NORTH CAROLINA—The announcement of this year’s inductees into the North Carolina Literary Hall of Fame will bring to a close the 2014 North Carolina Literary Festival on Sunday, April 6.

The announcement and subsequent panel discussion, scheduled for 5:00 pm in the Multipurpose Room of the James B. Hunt Jr. Library, will be the grand finale of the four-day-long celebration of past, present, and future of the written word.

Four North Carolina writers will be inducted into the NCLHOF in a ceremony on Sunday, October 12, at the Weymouth Center for the Arts & Humanities in Southern Pines. They will join the fifty-three inductees currently enshrined. Inductions are held every other year; the 2012 inductees were Maya Angelou, Kathryn Stripling Byer, and John Lawson.

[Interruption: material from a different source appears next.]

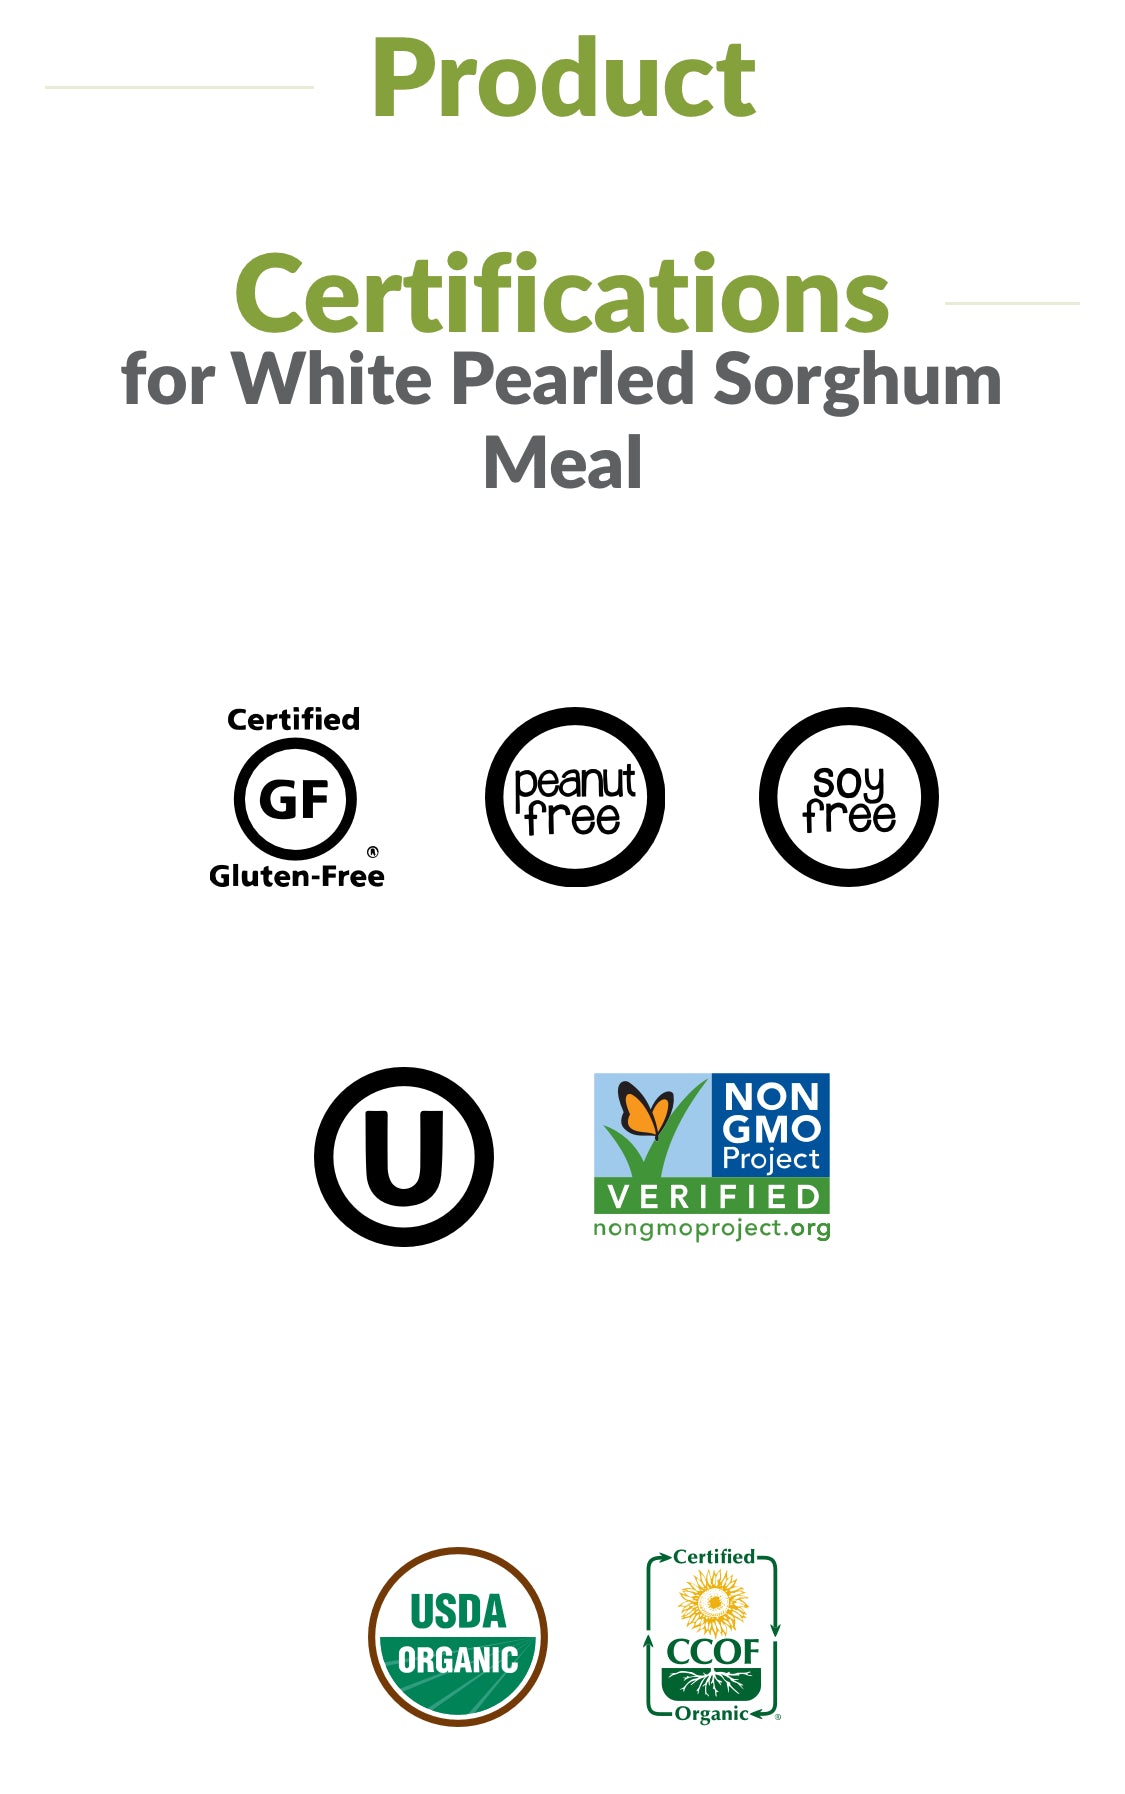 Organic Sorghum (Jowar) meal

A list of inductees, as well as samples of their work and video clips of past inductions, can be found online at

“This is a fitting time and place to announce the 2014 inductees,” said Ed Southern, the executive director of the North Carolina Writers’ Network, which oversees the NCLHOF. “The festival’s theme is ‘The Future of Reading,’and it’s proper to honor the past when you’re examining the future. We’re excited to honor these writers.”

The North Carolina Literary Festival will take place April 3–6 at the James B. Hunt Jr. Library on the Centennial Campus of North Carolina State University. Participating authors will include current NCLHOF inductees Allan Gurganus, Lee Smith, and Elizabeth Spencer, as well as NCWN members Kim Church, Angela Davis-Gardner, Jaki Shelton Green, Marjorie Hudson, Scott Huler, Zelda Lockhart, Kelly Starling Lyons, Jill McCorkle, Sheila Smith McKoy, Elaine Neil Orr, Drew Perry, and Stephanie Powell Watts.

The North Carolina Literary Hall of Fame was founded in 1996, under the leadership of poet laureate Sam Ragan, and is a program of the North Carolina Writers’ Network. Since 2008, the Network and the Weymouth Center collaborate with the North Carolina Center for the Book, the North Carolina Humanities Council, and the North Carolina Collection of the Wilson Library at UNC-Chapel Hill to produce the induction ceremony and to promote the NCLHOF and North Carolina’s literary heritage.